Pour tenter de faire une synthèse des nombreux résultats décrits dans l’article, les auteurs s’aident d’une simulation numérique qui tient compte de toutes les caractéristiques mesurées dans les quelques échantillons de poussière analysés. Ils suggèrent que le corps parent de Ryugu, d’une taille d’environ 100 km [4], s’est formé environ 2 millions d’années après la formation du Système solaire, puis a passé les 3 millions d’années suivantes à une faible température permettant des réactions d’altération aqueuse, avant qu’un impacteur le désagrège ; enfin, Ryugu s’est formé à partir du matériau libéré lors de l’impact.

 

iLa matière primitive du Système solaire est emmagasinée dans certains astéroïdes comme Ryugu, visité par la sonde Hayabusa[2] de la Jaxa dont il est question ici, et Bennu, visité par la sonde Osiris-Rex de la Nasa, et dont des échantillons prélevés en surface devraient atterrir sur Terre en septembre 2023. Anny-Chantal Levasseur-Regourd, décédée le 1er août 2022, aurait adoré suivre les avancées de ces missions. Elle travaillait surtout sur des expériences embarquées sur les missions vers les comètes, Giotto vers Halley et Rosetta-Philae vers 67P/Churyumov-Gerasimenko, autres corps primitifs du Système solaire. Sa contribution fut essentielle pour déchiffrer les analyses.
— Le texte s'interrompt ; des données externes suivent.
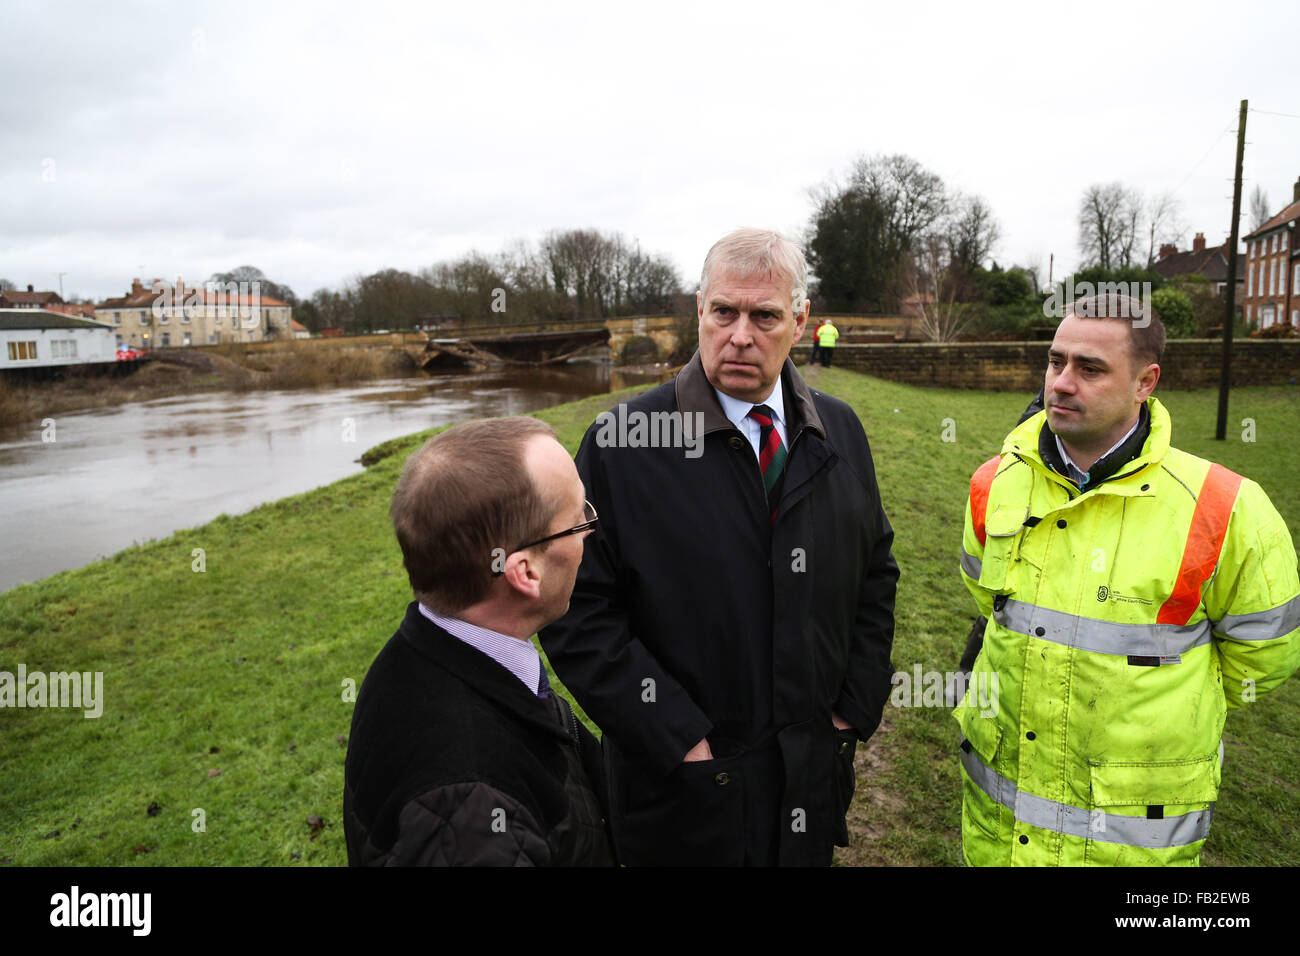 Prince Andrew, The Duke of York, (centre) talks to Councillor Richard Sweeting, Cjairman of Selby District Council, (left) and Andrew Wood, Senior Engineer At North Yorkshire County Council, (right), during a visit to the town of Tadcaster in North Yorkshire to see the damage caused by flooding in the last month. The town was heavily affected after the River Wharfe burst it's banks causing the bridge to partially collapse. Credit:  Ian Hinchliffe/Alamy Live News Stock Photo

Ce court article lui est dédié.

 

par Janet Borg, Institut d’astrophysique spatiale

 

 

Article publié dans l’Astronomie de Décembre 2022

 

Notes

  1. L’astéroïde (162173) Ryugu est de type C, considéré comme primitif, c’est-à-dire ayant peu évolué depuis sa formation au début du Système solaire.
  2. T. Nakamura et al., « Formation and evolution of carbonaceous asteroid Ryugu: direct evidence from returned samples », Science (2022). http://science.org/doi/10.1126/science.abn8671
  3. Orgueil est une météorite tombée dans un champ de la commune d’Orgueil près de Montauban, en France, en 1864 ; près de 14 kg ont été collectés, dont l’essentiel est conservé au MNHN à Paris.
  4. Rappelons que le diamètre de Ryugu est de 435 mètres.